As part of Station Casinos’ 2007 buyout, the company agreed to lease four casinos — Red Rock Resort, Sunset Station, Palace Station and Boulder Station — for $250 million per year from a subsidiary holding $2.5 billion in debt. Before the bankruptcy filing, part of the $250 million payment was used to pay debt, with the excess cash returning to the parent company.
“Based on its conclusion, the (committee) recommends that the company refuse the demand by the creditors’ committee to consent to an action seeking to recharacterize the master lease as a disguised secured financing,” Tuesday’s filing read.
“The (committee) further recommends that the company refuse any other demand to commence or authorize an action to recharacterize the master lease. Under the facts and circumstances of this case, the (committee) believes that any litigation seeking to recharacterize the master lease would be unsuccessful, inappropriate, and a waste of resources of the company’s bankruptcy estates.”
Judge Gregg Zive approved a new lease agreement for four hotel-casinos Dec. 11, reducing Station Casinos’ monthly rent payments of nearly $23 million through February, giving the gaming company and its lenders more time to negotiate a restructuring plan.
If new agreements and a restructuring plan are not prepared by March, Station Casinos could lose control of Red Rock Resort, Sunset Station, Boulder Station and Palace Station to the lenders or another buyer who is not properly licensed.

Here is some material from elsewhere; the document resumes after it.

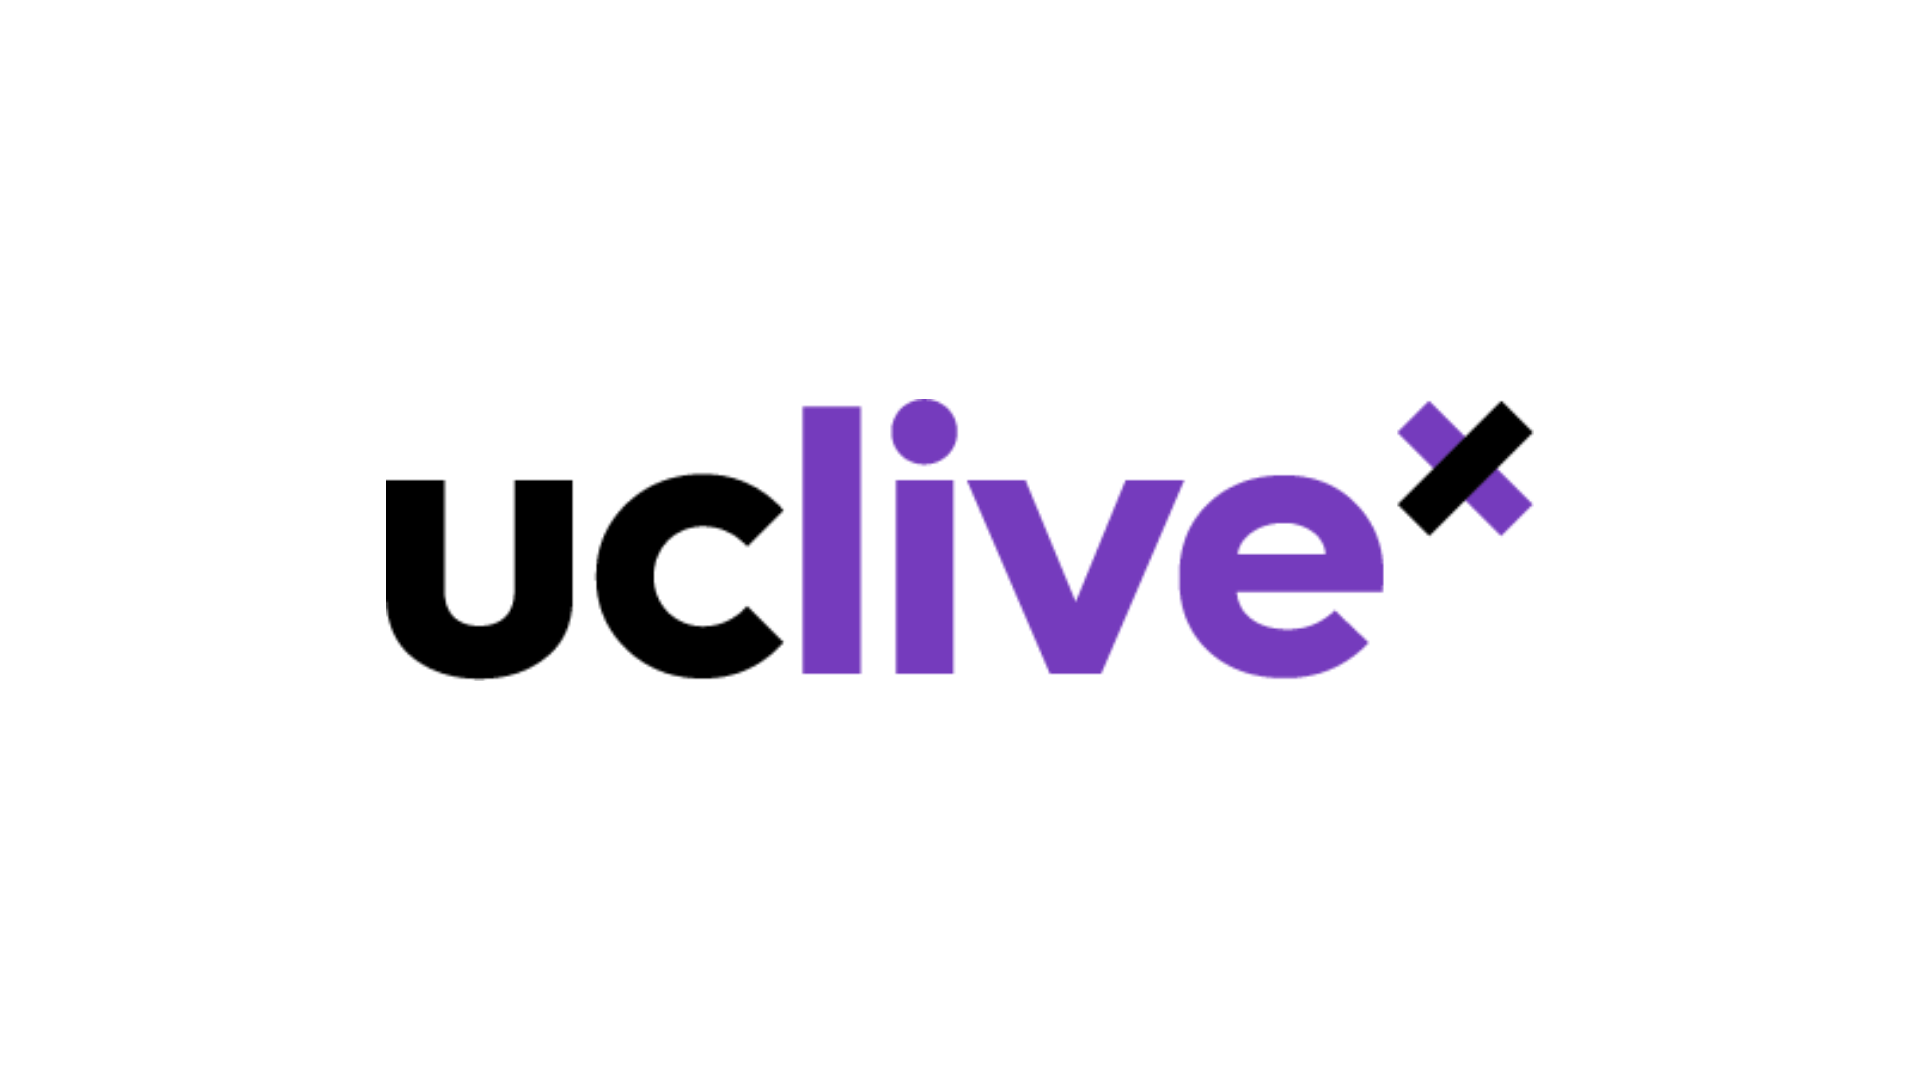 The word 'UCLivex' appears as a logo. The 'UC' portion appears in black while the 'live' portion appears in purple. The 'x' is indexed above the 'e' of 'live' and is both black and purple..

The special committee’s report will be presented to the court during the Jan. 25 hearing.
The committee involved Station’s independent director James Nave, and two outside members not involved with the company or the buyout.
In September, the committee found the economic failure of the company’s $5.7 billion buyout was due to the economic downturn and not any inappropriate action by anyone involved in the buyout.
Also, the special committee’s legal counsel, Squire, Sanders & Dempsey, filed an application with the court for payment of $708,286 in legal fees and $43,915.44 in expenses.